Bond held his breath. If they came round the lake to his side, one
tremendous shove and the armoured man would be floundering in the water!
But could the piranhas get at him through chinks in the armour?
Unlikely! And how would he, Bond, get away? No, that wouldn't be the
answer.

The two figures had almost reached the line of four men, and at this
moment the guards dropped to their knees in unison and bowed their
foreheads down to the ground. Then they quickly jumped up and stood
again at attention.

Blofeld raised his visor and addressed one of the men, who answered with
deference. Bond noticed for the first time that this particular guard
wore a belt round his waist with a holstered automatic. Bond couldn't
hear the language they were speaking. It was impossible that Blofeld had
learned Japanese. English or German? Probably the latter, as a result of
some wartime liaison job. The man laughed and pointed towards the lake,
where a collapsed balloon of blue clothing was jigging softly with the
activities of the horde of feasting piranhas within it. Blofeld nodded
his approval, and the men again went down on their knees. Blofeld raised
a hand in brief acknowledgement, lowered his visor, and the couple moved
regally on.

Bond watched carefully to see if the file of guards, when they got to
their feet, registered any private expressions of scorn or hilarity once
the Master's back was turned. But there was no hint of disrespect. The
men broke ranks and hurried off about their tasks with disciplined
seriousness, and Bond was reminded of Dikko Henderson's illustration of
the automatic ant-like subservience to discipline and authority of the
Japanese that had resulted in one of the great crimes of the century. If
only dear Dikko were here now. What a tremendous boost his fists and his
surging zest would add to this lunatic operation!
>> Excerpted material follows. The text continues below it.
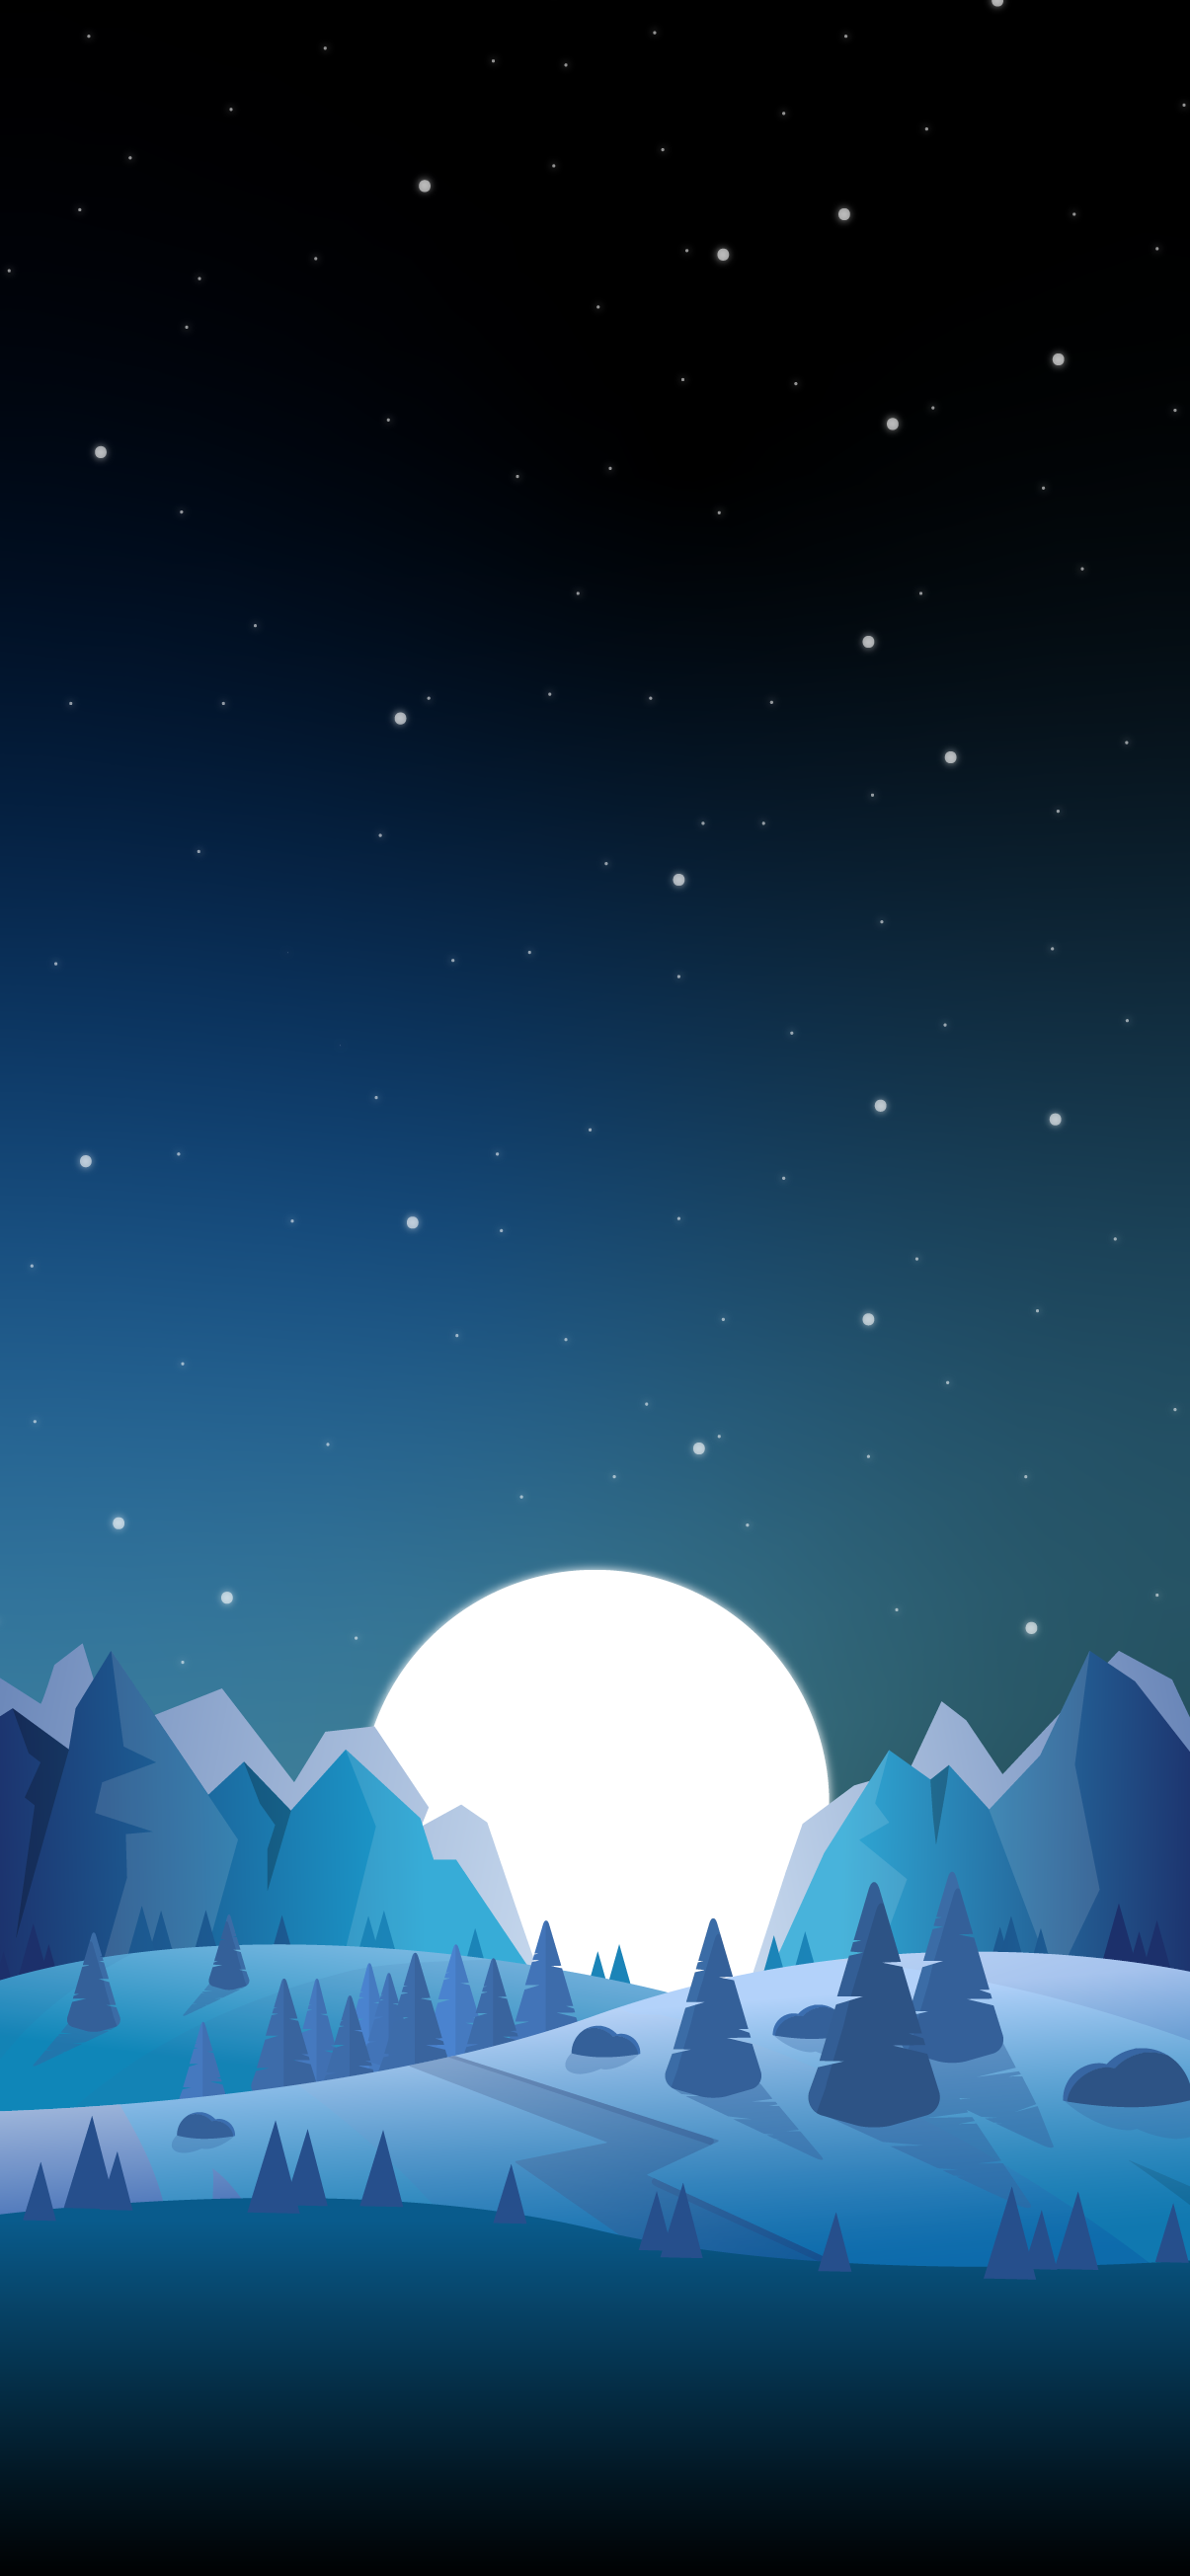 Cool iphone wallpaper moon night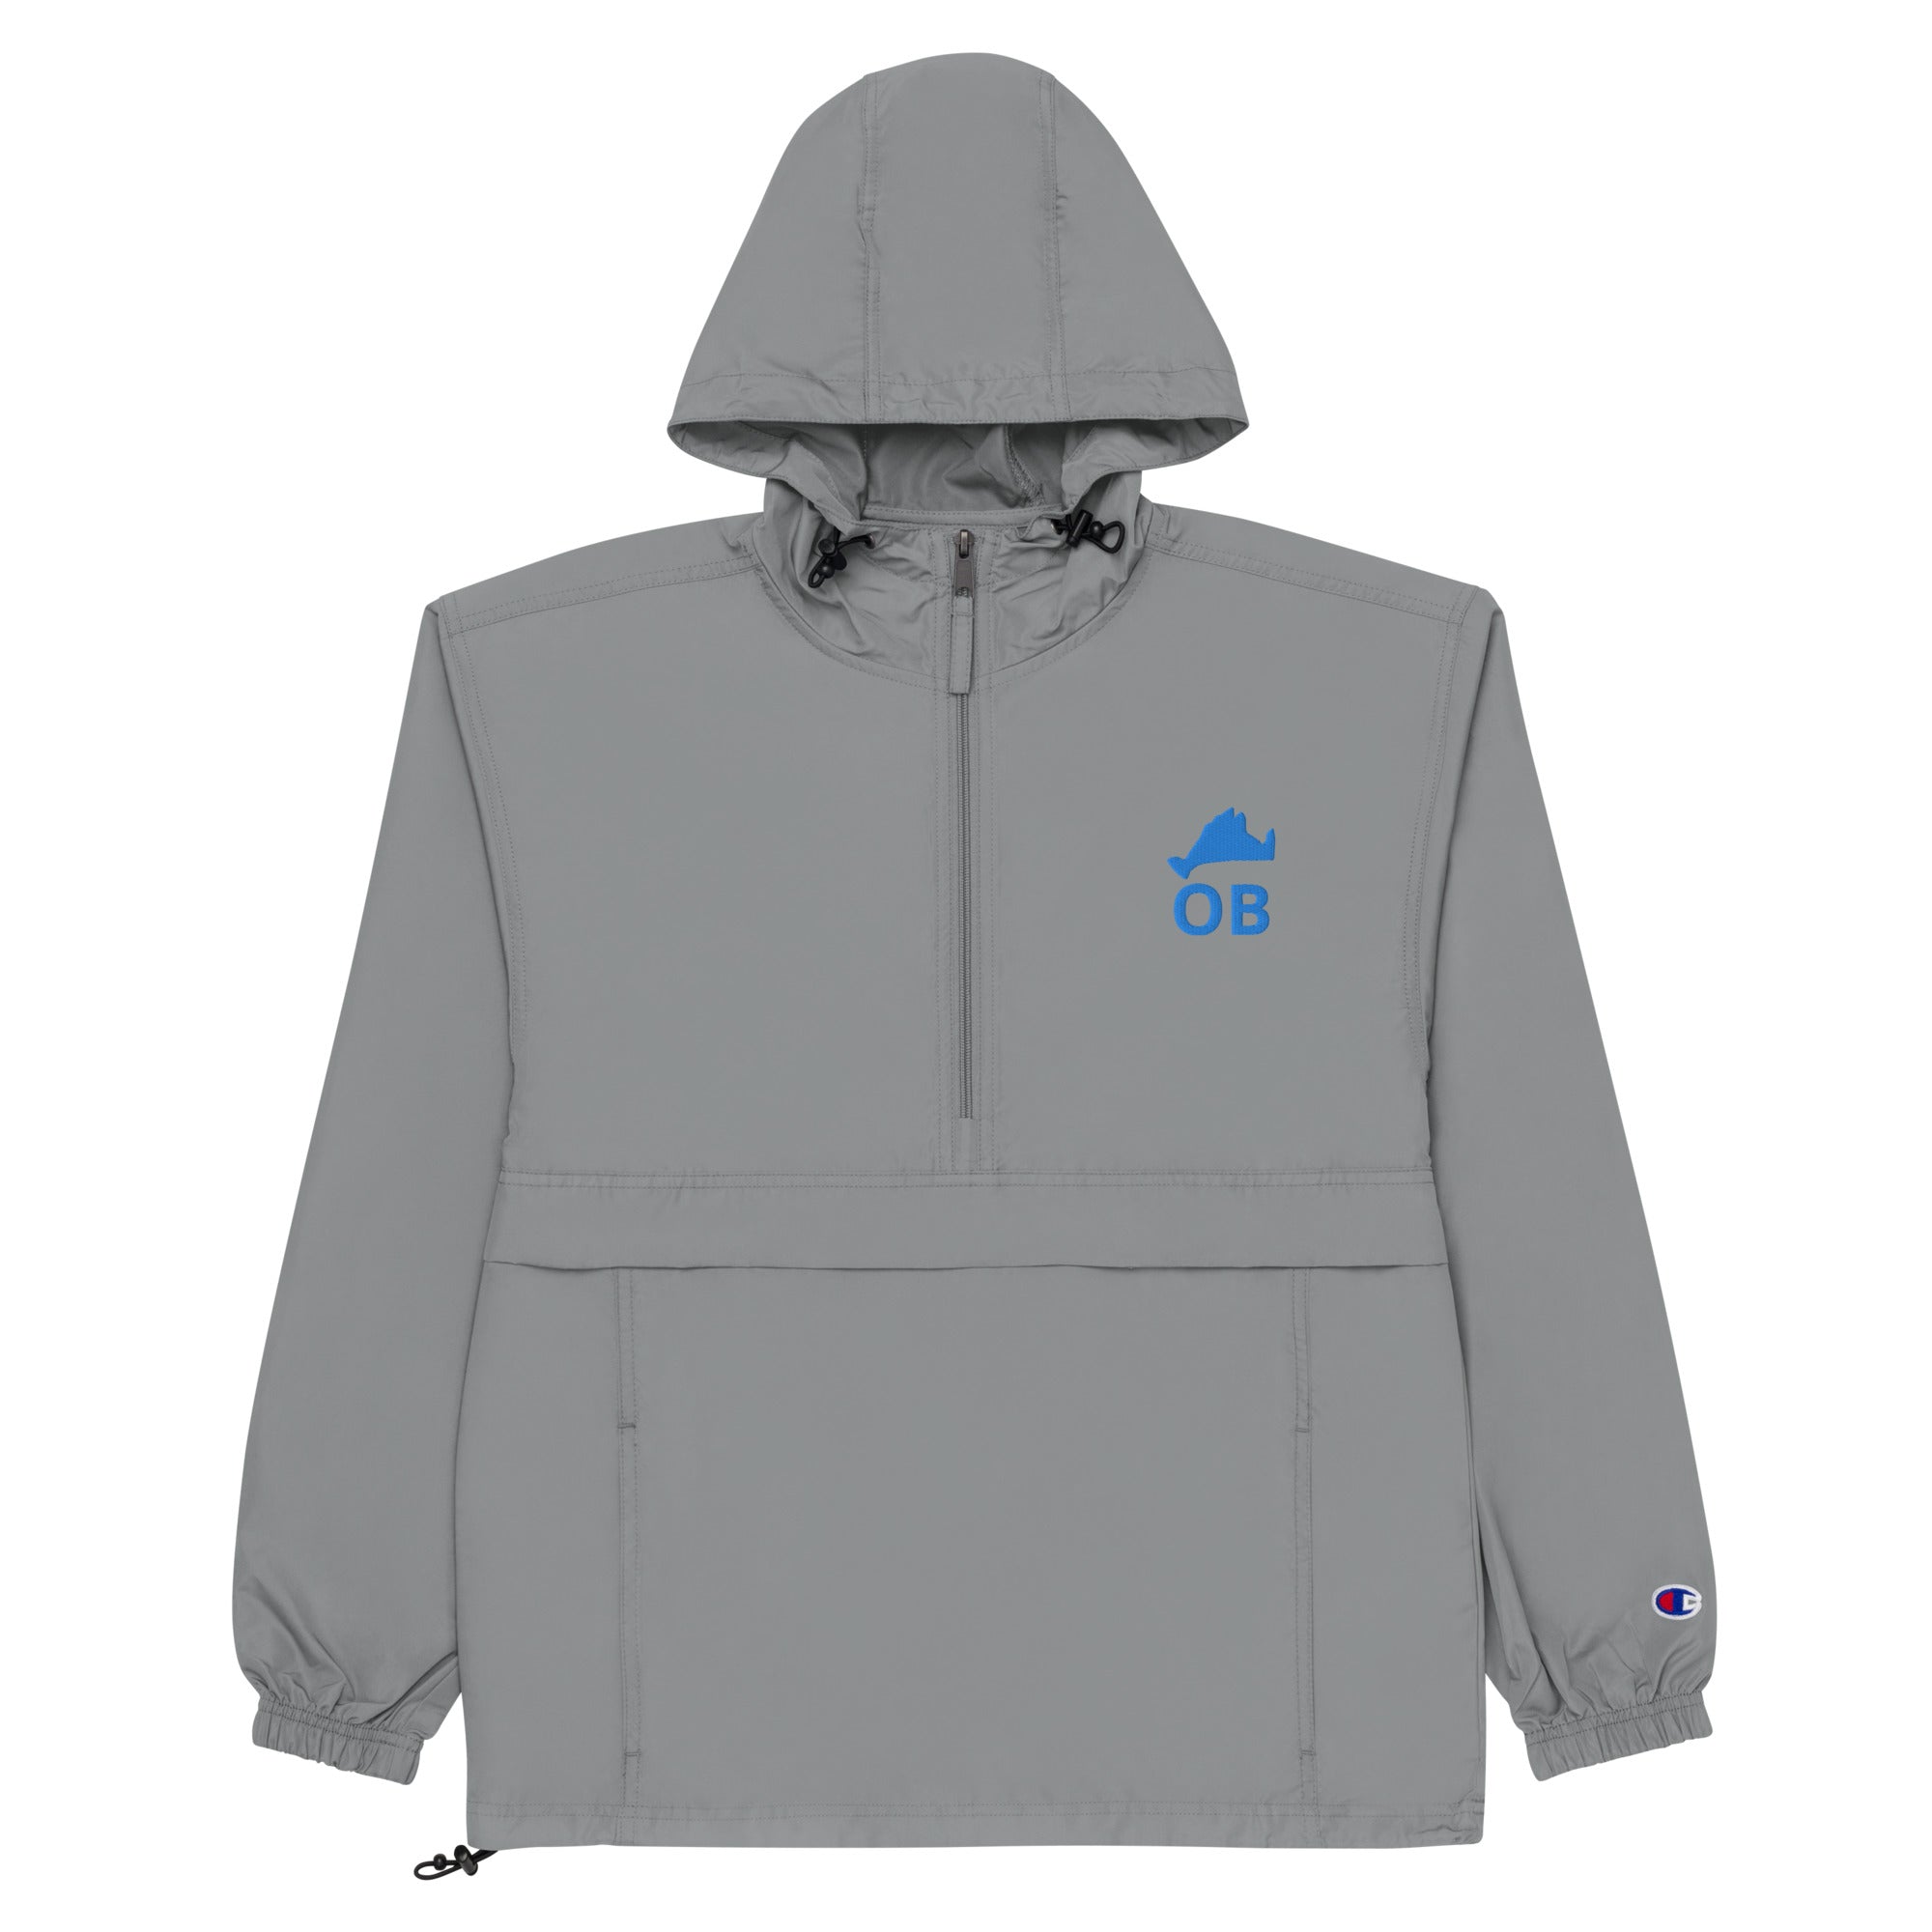 Aqua/Teal OB/Island Embroidered Champion Packable Jacket

The crime had concerned, said Dikko, a modest suburban branch of the
Imperial Bank. It had been a normal day of business, when a man wearing
an official-looking arm-band had presented himself to the manager of the
bank. He was from the Ministry of Health. An outbreak of typhus was
feared, and he would be obliged if the manager would line up his staff
in the courtyard so that he could administer the official antidote. The
manager bowed and complied, and after everything had been locked up, the
staff of fourteen assembled and listened carefully to the short lecture
on health delivered by the man with the arm-band. Then everyone had
bowed in acknowledgement of the wisdom of the Ministry of Health, and
the official had bent to his small suit-case and produced fifteen
glasses into which he measured medicine from a bottle. He handed a glass
to each person and advised them to swallow the mixture at one gulp as
otherwise it might damage their teeth. "Now," he had said, according to
Dikko's version. "All together! One. Two. Three!" And down went the
honourable medicine and down fell the honourable local manager and staff
of the Imperial Bank of Japan. The medicine had been neat cyanide.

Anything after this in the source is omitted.